Much like in maths, you don’t necessarily need to understand what it’s saying at all to use it – but understanding it may help you notice how you can use it. I won’t explain it here, but try convincing yourself why it works! (Hint: It’s extremely similar to sum ;)

So let items be a list of length $n$, with $n \in \mathbb{N}$ again.

Base case. $n = 0$, i.e. the list is empty.

We’ll take each side of the equation in the proposition, and show that they evaluate to the same result (since $a = b = c$ implies $a = c$⁷).

The left side is map f (map g items). Substituting items = [], we get:

    map f (map g items)
 == map f (map g [])

Remember the first line of the definition of map. We know map func [] = [], i.e. map of any func to an empty list …just returns an empty list.

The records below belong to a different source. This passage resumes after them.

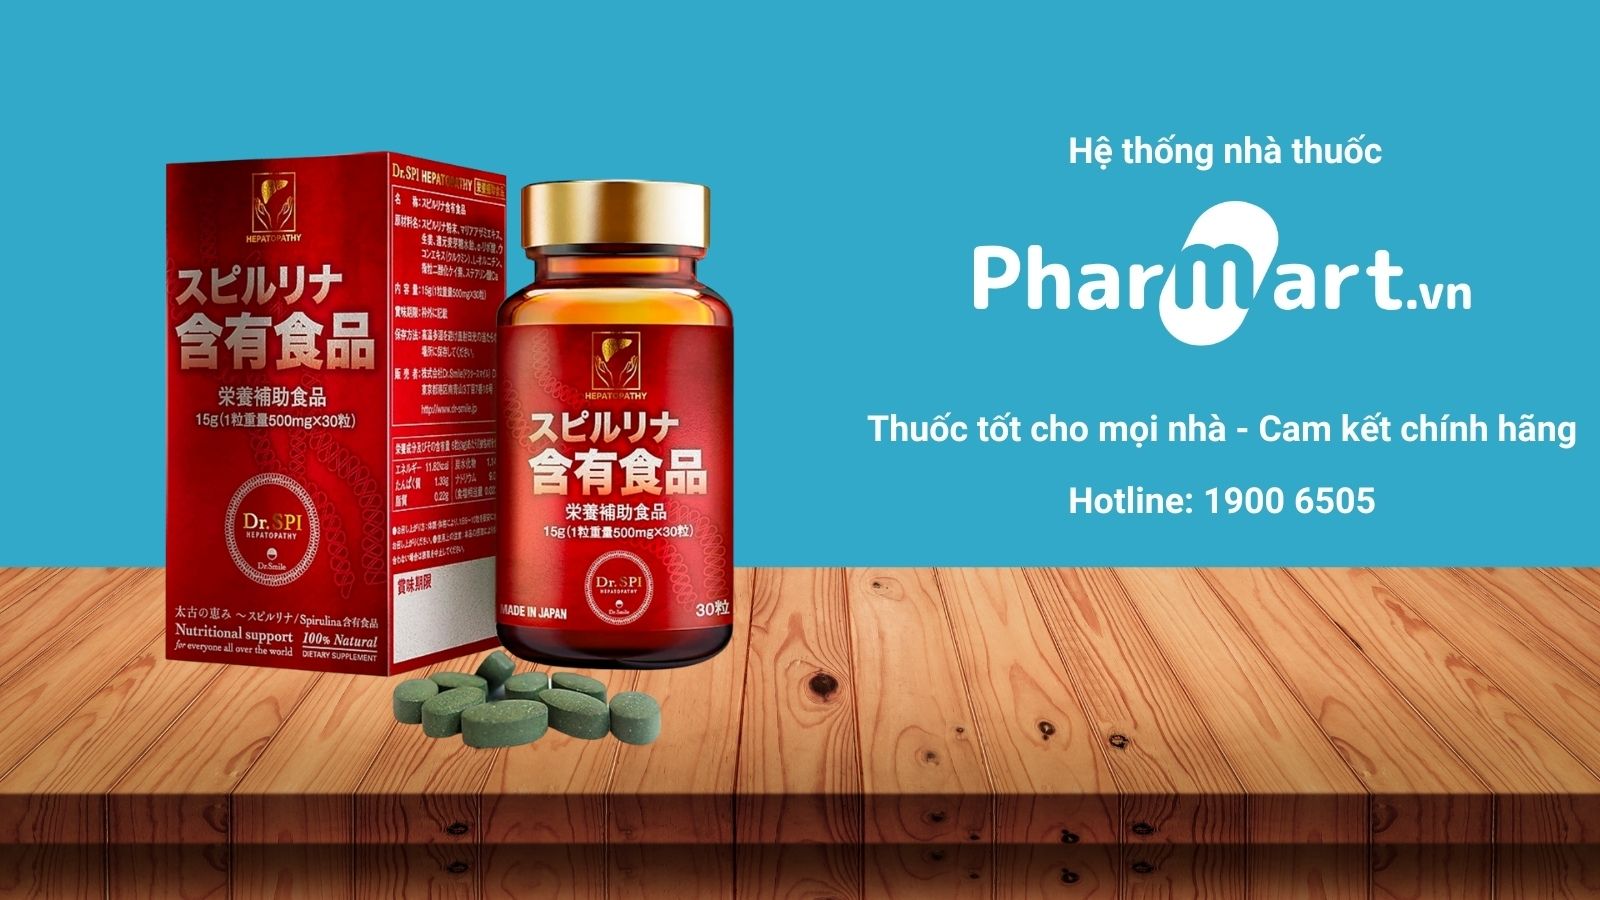 Dr Spi Hepatopathy hiện đang được bán chính hãng tại Nhà thuốc Pharmart.vn
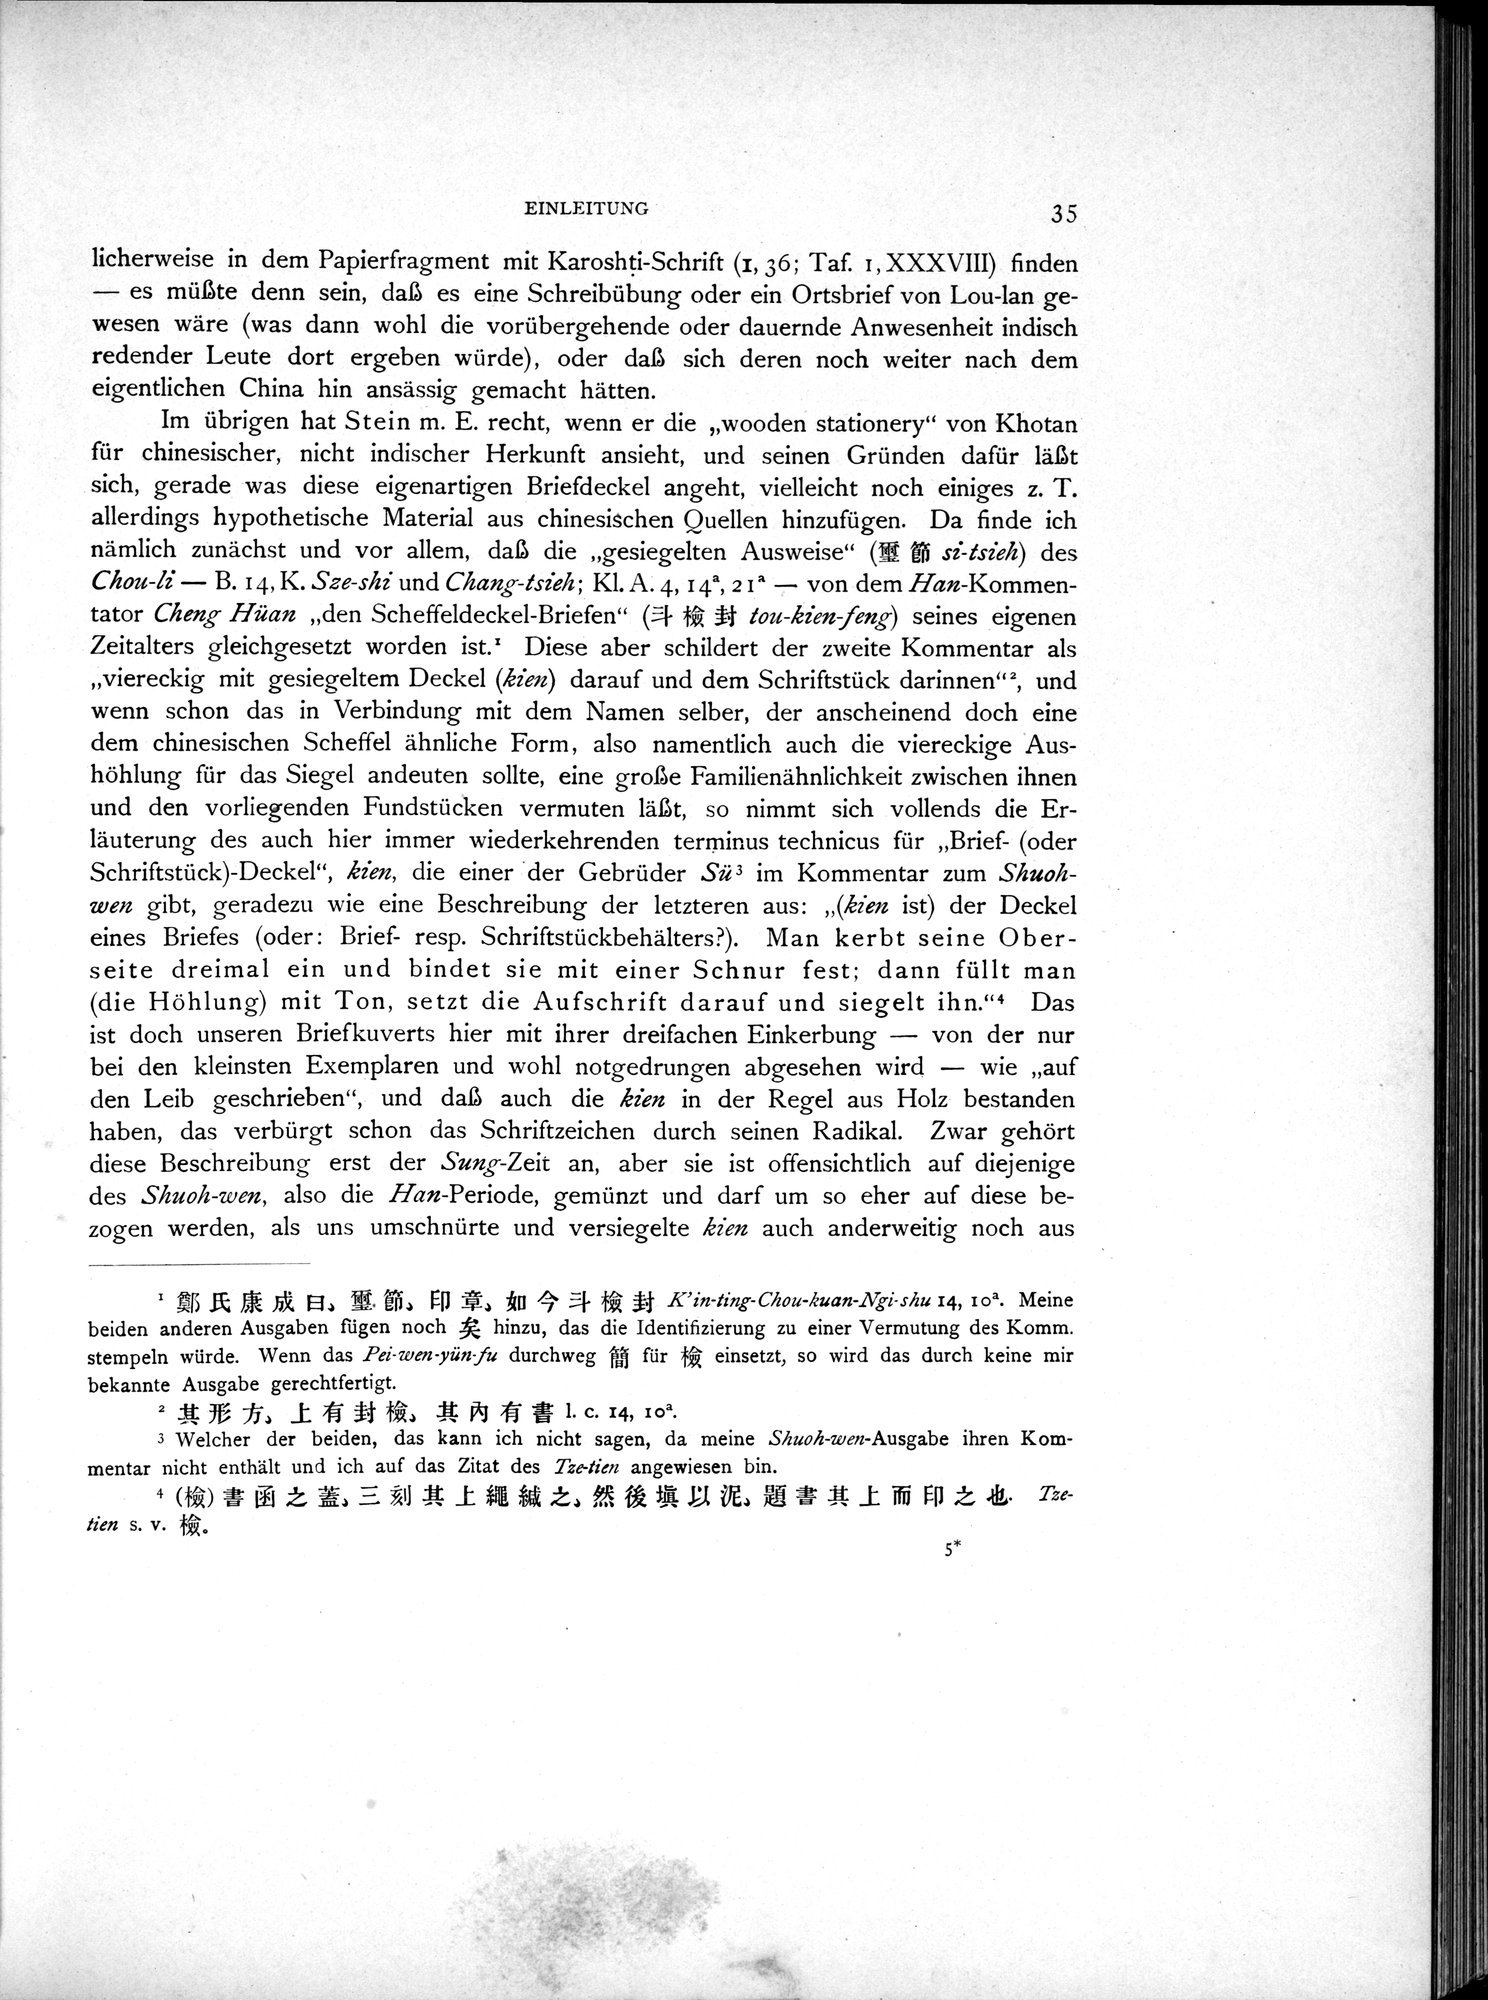 Die Chinesischen Handschriften- und sonstigen Kleinfunde Sven Hedins in Lou-lan : vol.1 / Page 59 (Grayscale High Resolution Image)
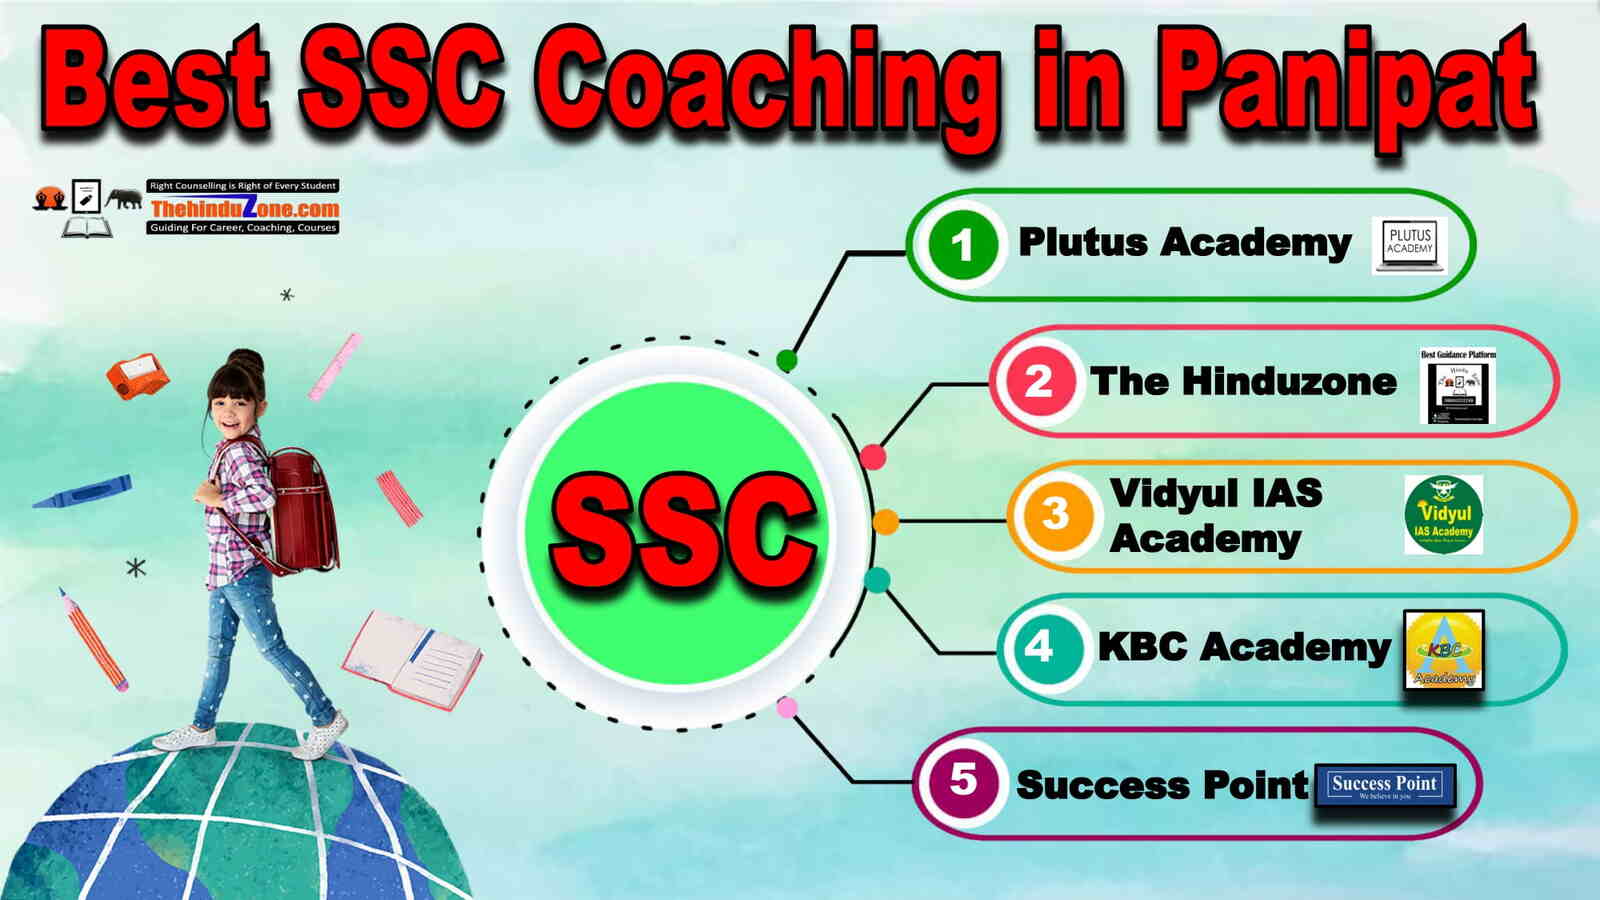 Best SSC Coaching in Panipat
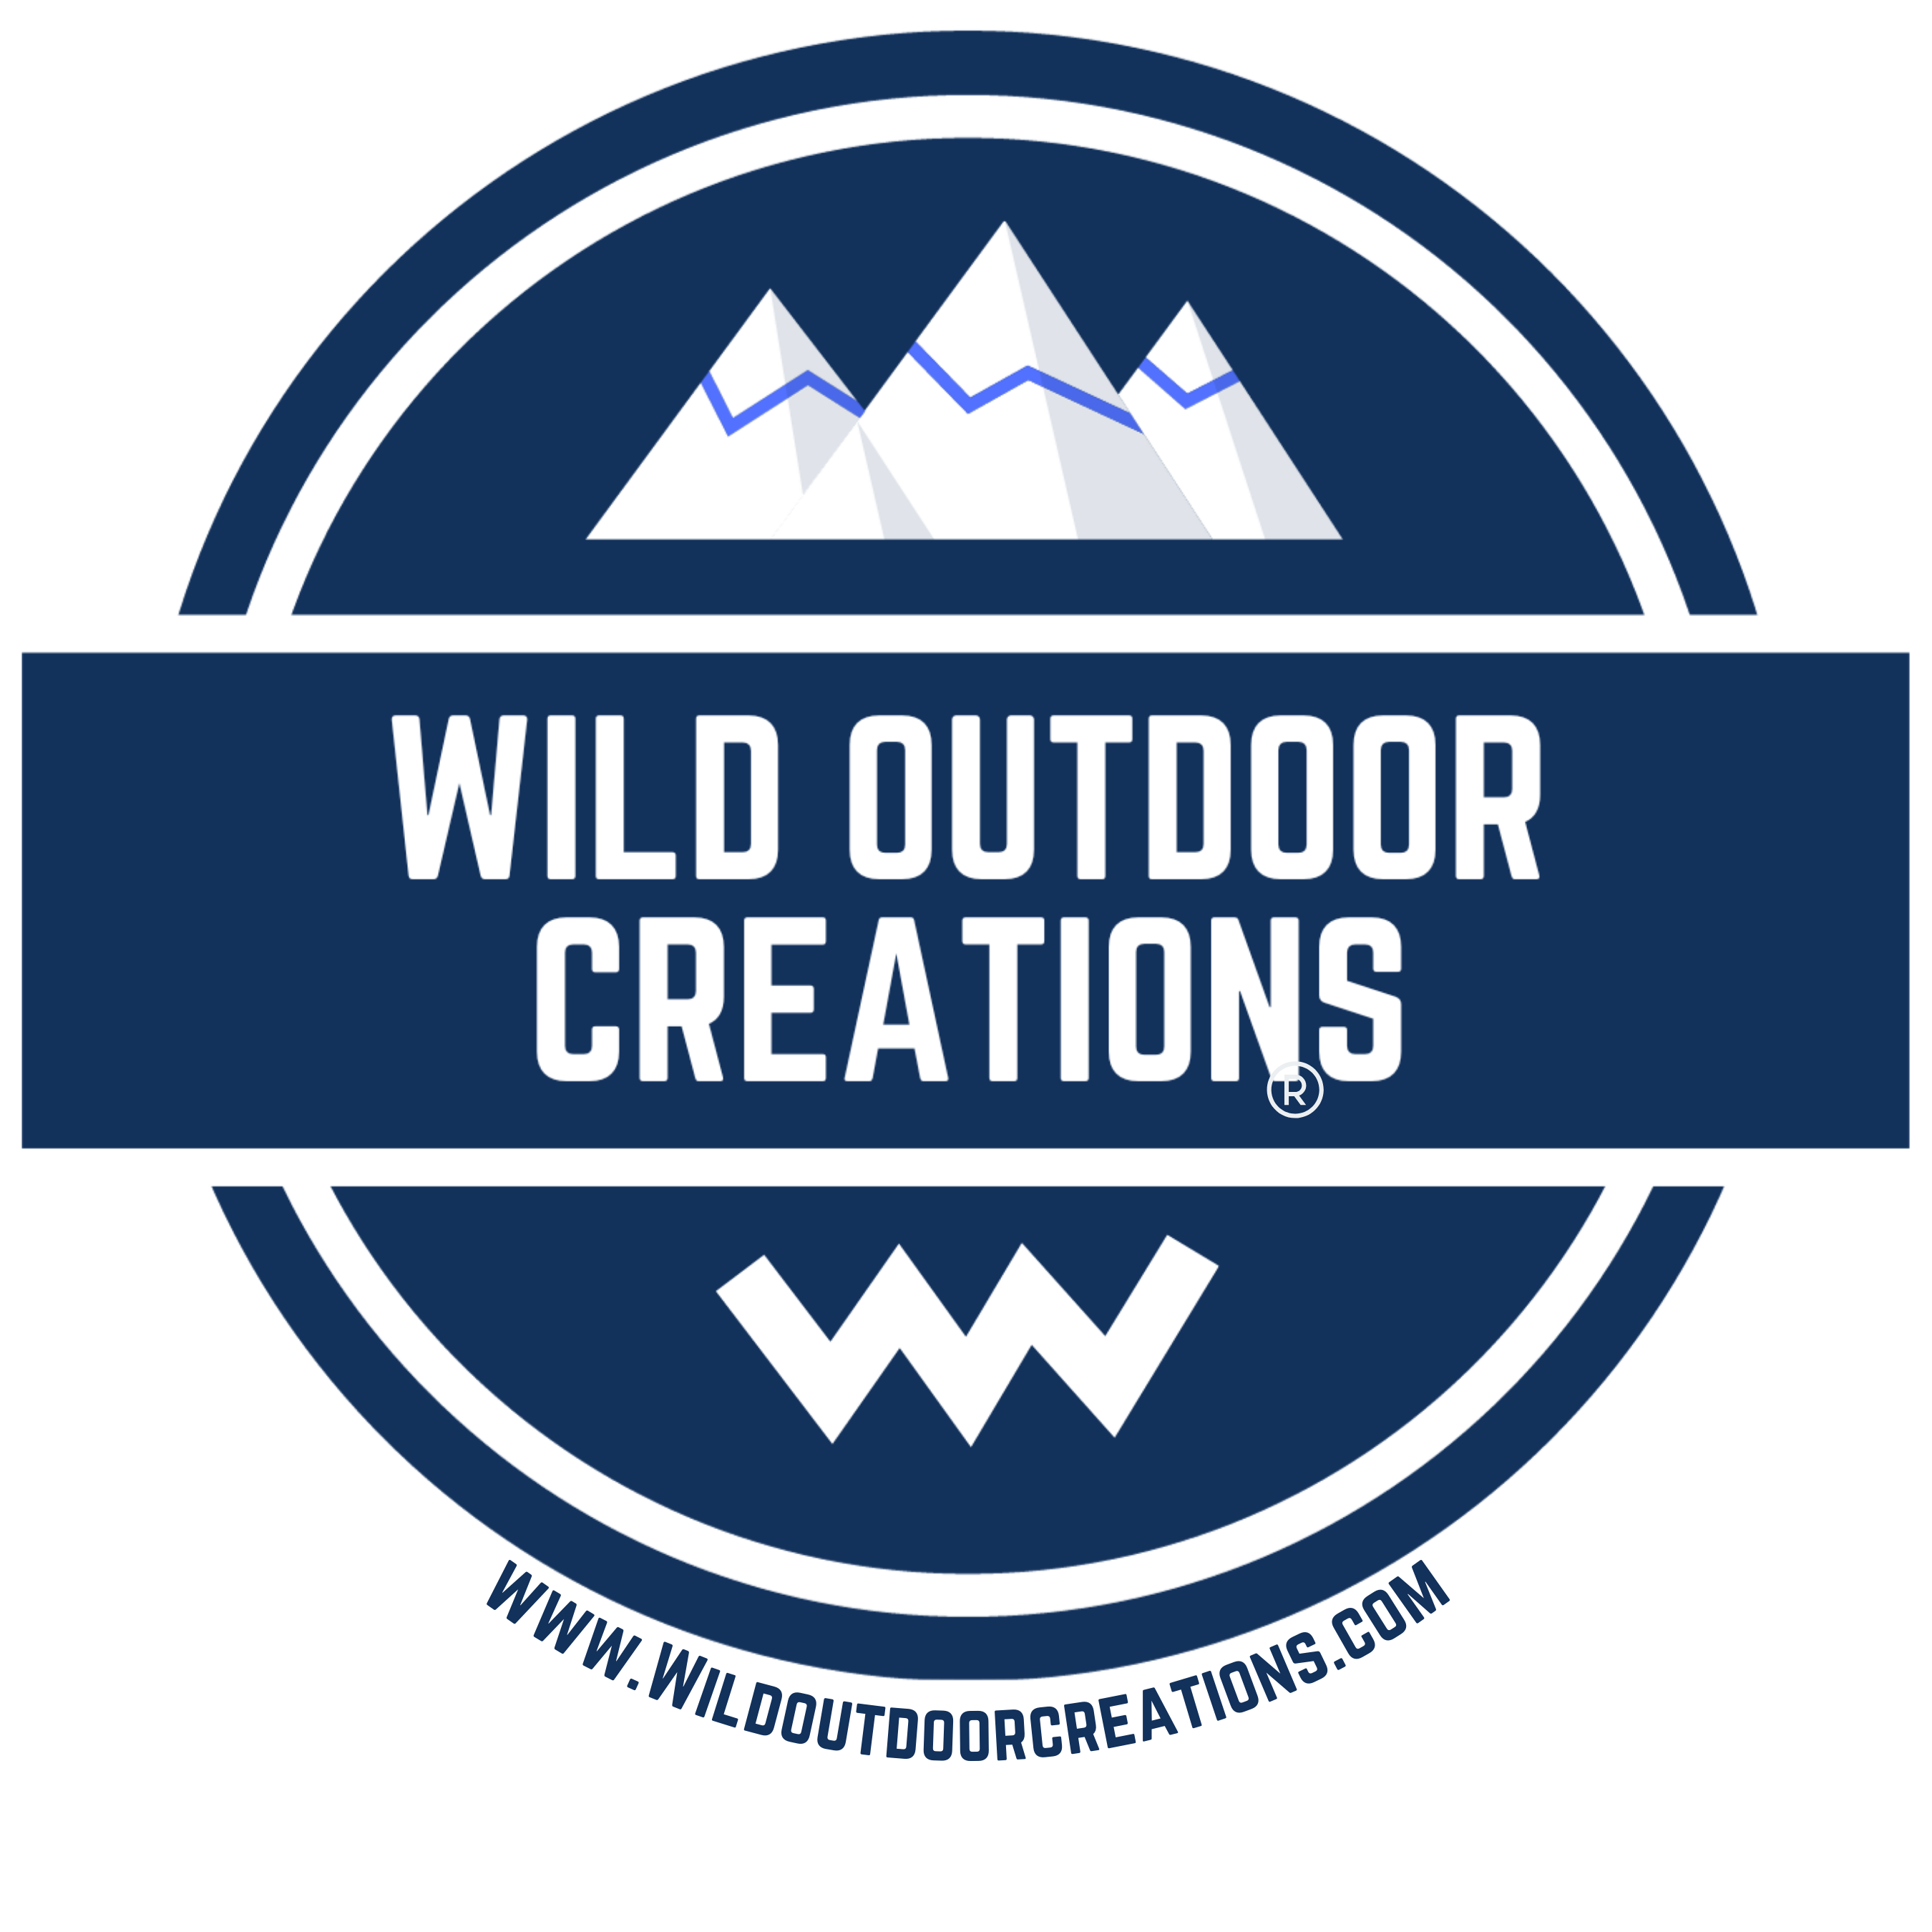 Wild Outdoor Creations

So, substituting func = g, we can use that to get:

    map f (map g [])
 == map f ([])
 == map f []

And substituting func = f, we can apply it again!

    map f []
 == []

We got the empty list []. Which makes sense – we started with [], so we had nothing to apply f or g to, so we got out [].

Right hand side next. We have:

    map (f . g) items
 == map (f . g) []

To make things a bit more obvious, let’s give this new f . g function a different name h:

    map (f . g) []
 == map h       []

What’d’y’know, same thing again! This time func = h:

    map h []
 == []

Empty list again! So we’ve shown:

map f (map g []) == []
map (f . g) []   == []

-- Hence:
map f (map g []) == map (f . g) []

Whew, that was long!

Inductive step. Assume the proposition is true for $n = k$, i.e. for some list xs of length $k$.

-- Given a list `xs` with `k` items...
map f (map g xs) == map (f . g) xs

Now consider $n = k+1$. Like earlier, we’ll say we have a new element prepended to xs, giving a new list x:xs. Hence we wish to show:

map f (map g (x:xs)) == map (f . g) (x:xs)

This time we’ll start with the left side and manipulate it until we reach the same expression as the right side.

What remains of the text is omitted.